Etnografando assaltos contra instituições financeiras - a publicação da pesquisa seus impasses e desdobramentos (Resenha)
Por equipe do Dicionário de Favelas Marielle Franco
Resenha sobre o artigo de Jania Aquino[1], no qual a autora apresenta novas perspectivas sobre o trabalho de campo da autora e como ela estabeleceu relações com seus interlocutores, conhecidos, principalmente, como "assaltantes de bancos" e busca compreender os "assaltantes" para além das categorias criminais que lhes são atribuídas.
Autoria: Marcelo Reis.
Sobre
Jania Perla Diógenes Aquino é uma antropóloga brasileira. Professora da Universidade Federal do Ceará (UFC), possui Mestrado em Sociologia (UFC, 2004) e Doutorado em Antropologia Social (USP, 2009). As suas linhas de pesquisa perpassam violência, crimes eleitorais e segurança pública. É integrante dos grupos Laboratório de Estudos da Violência (LEV) e Núcleo de Antropologia da Política (NUAP).
Principais argumentos
Em "Etnografando assaltos contra instituições financeiras: a publicação da pesquisa, seus impasses e desdobramentos", Jania Aquino reflete sobre o processo de inserção no campo, desenvolvimento da tese e consequências da publicação após a divulgação de "Príncipes e Castelos de Areia: perfomance e liminaridade nos grandes roubos", defendida no Programa de Antropologia Social da Universidade de São Paulo (USP). O artigo, publicado na Revista Iluminuras em 2015, apresenta novas perspectivas sobre o trabalho de campo da autora e como ela estabeleceu relações com seus interlocutores, conhecidos, principalmente, como "assaltantes de bancos".
Na sua pesquisa, Aquino busca compreender os "assaltantes" para além das categorias criminais e estigmatizantes que lhes são atribuídas. Assim, a narrativa apresentada pela autora inclui, por exemplo, detalhes sobre a vida conjugal e familiar de seus entrevistados.

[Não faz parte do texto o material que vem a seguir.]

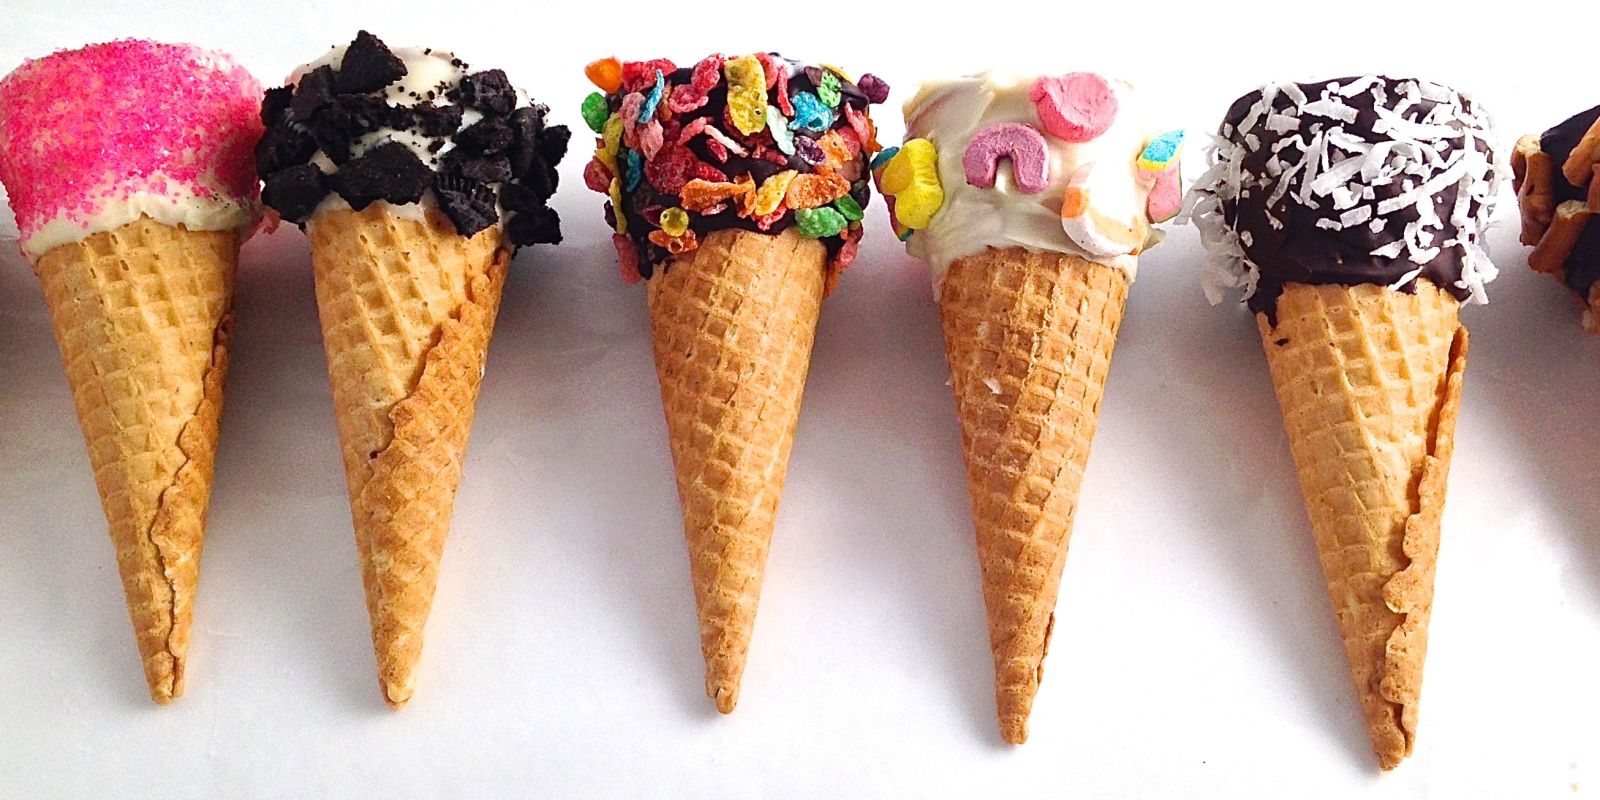 Хочешь – мороженное, хочешь – пирожное: осуществить мечту сладкоежек поможет бизнес-план создания кафе-мороженное

A inserção desse aspecto na tese levou Aquino, posteriormente, a refletir sobre os riscos que isso causava aos interlocutores, dado que suas esposas ou namoradas nem sempre sabiam da existência de outros relacionamentos amorosos. Aquino revela que essa reflexão foi impulsionada por uma troca de mensagens com André, um de seus entrevistados.
Em outro sentido, Aquino revela que um de seus interlocutores se revelou decepcionado com ela ao saber do conteúdo da tese, já que seus feitos não recebiam o mesmo destaque que de outros "assaltantes" que eram seus desafetos. A autora utilizou os dados desse entrevistado, chamado de João no artigo, em publicações futuras. A notícia da inclusão de João em artigos e apresentações, inclusive em âmbito internacional, fez com que o interlocutor se gabasse de sua notoriedade para seus pares, afirmando que seria tema de livros e filmes ao redor do mundo.
A partir desses dois aspectos, a autora aponta para riscos morais que a utilização de depoimentos podem acarretar. Aquino diz que, ao se preocupar em proteger si mesma e os entrevistados de repercussões na Polícia ou no Judiciário, não levou em conta possíveis rebuliços de certos trechos nas relações familiares dos interlocutores. Dessa forma, o texto aponta para a necessidade de se considerar os impactos da produção acadêmica para além dos aspectos normativos e legais, levando a uma reflexão sobre os usos e manipulações da narrativa etnográfica pelos próprios nativos.
Referências
AQUINO, Jania P. D. Príncipes e Castelos de Areia: performance e liminaridade nos grandes roubos. Tese defendida no Programa de Pós-Graduação em Antropologia Social da Universidade de São Paulo, em agosto de 2009.
FAVRET-SAADA, Jeanne. "Ser afetado”. Revista Cadernos de Campo. São Paulo, USP, 2005.
GOFFMAN, Alice. On the Run: fugitive life in an american city. Chicago: University of Chicago Press, 2014
- ↑ AQUINO, Jania. Etnografando assaltos contra instituições financeiras: a publicação da pesquisa, seus impasses e desdobramentos. Iluminuras, Porto Alegre, v. 16, n. 39, p. 184-210, jan./ago. 2015.